Solved – Cross-validation with Boosting Trees (do I need 4 sets?)

boostingcross-validation

Normally, you have train, validation and test sets for training, tuning (hyperparameters) and finally evaluating a machine-learning model.
If we use cross-validation, then we can effectively have only train and test sets, where train set is used for CV (both training and tuning, using several folds). And after the best model is selected, it is trained on the whole train set and evaluated on test. Am I correct here?

Now, I am a bit confused about the boosting trees. Let's take LightGBM as an example.
When you are training a boosting tree, normally you set some value as an early_stopping_rounds and you do a separate CV to define the optimal number of trees in the model (e.g. with LGBM it is lightgbm.cv method).
Does it mean, that I need again three datasets?

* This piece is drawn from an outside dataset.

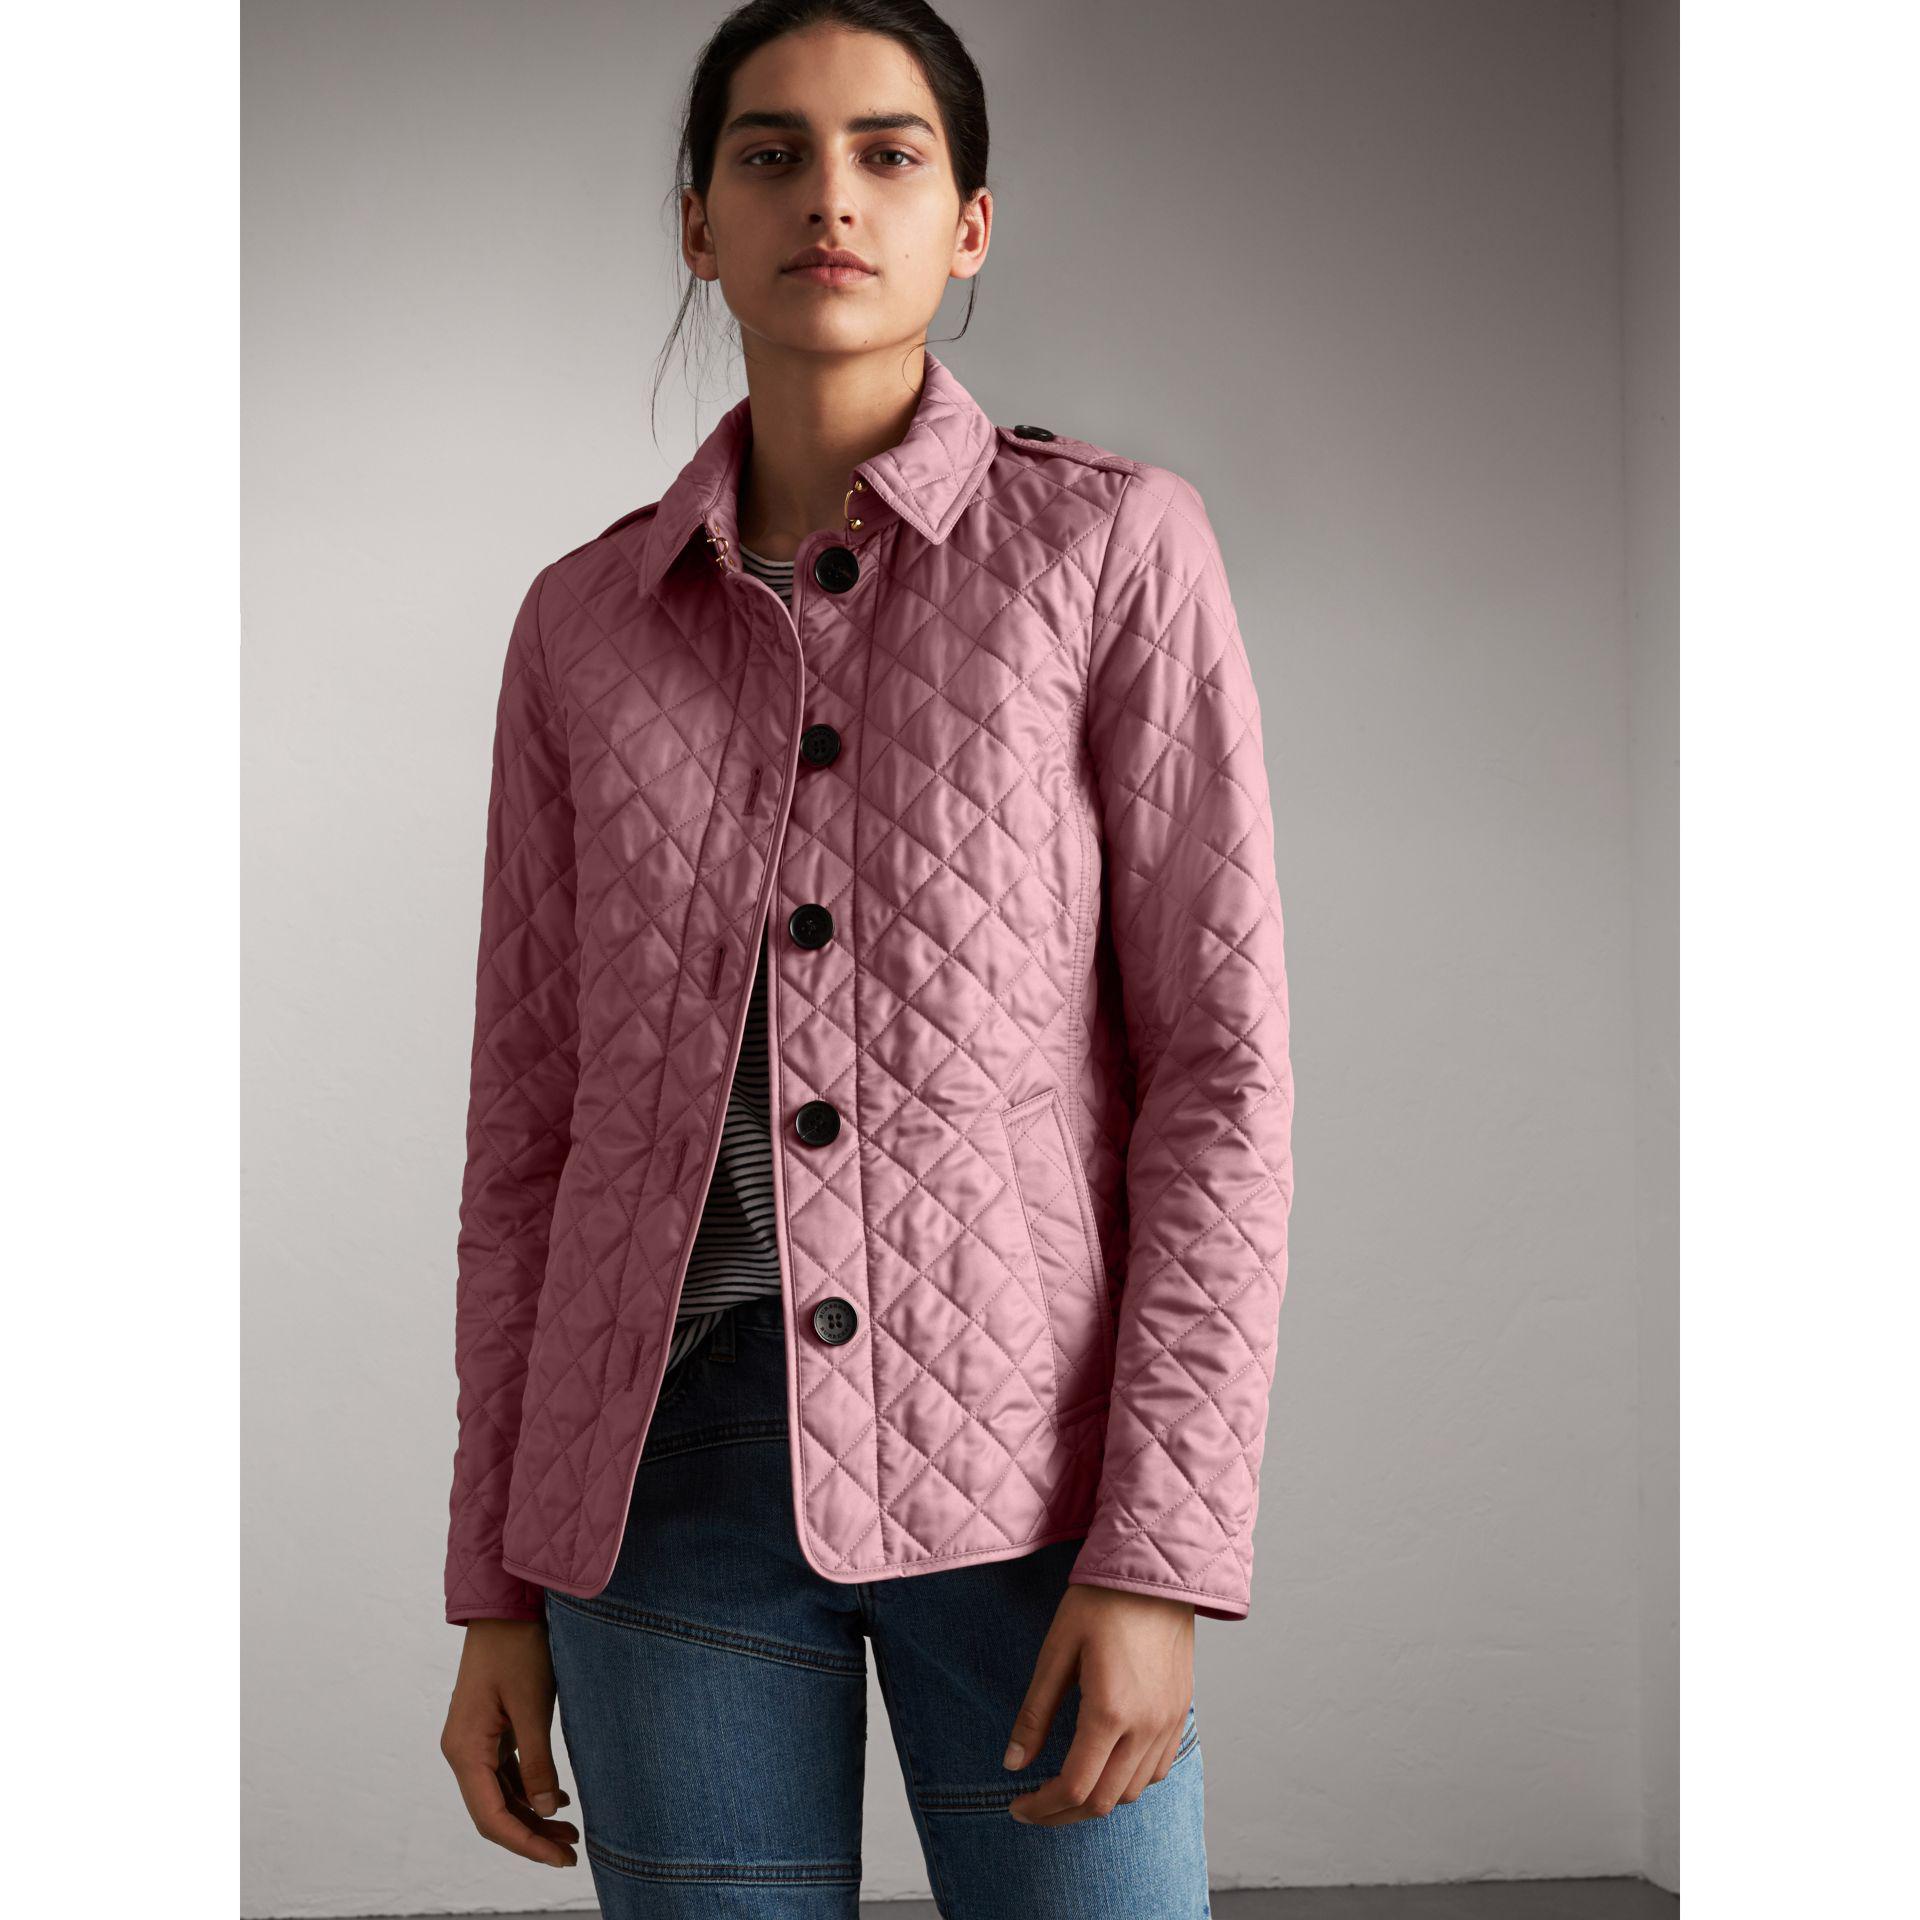 Arriba 69+ imagen how to wear burberry quilted jacket - Abzlocal.mx

  1. Train (to find the optimal number of trees using CV and then train on the whole train set, using the found optimal number of trees)
  2. Validation (tune other hyperparameters)
  3. Test (final evaluation)

Best Answer

You do not need a separate validation set; lightgbm.cv will separate the training set automatically for you for the cross validation folds, you just need to give the parameter stating the number of folds as like nfolds = 3 to lightgbm.cv

I think you can refer here for a proper application:

[https://stackoverflow.com/questions/49774825/python-lightgbm-cross-validation-how-to-use-lightgbm-cv-for-regression][1]

However, you are correct about the concept of cross-validation considering your first question.

Have fun.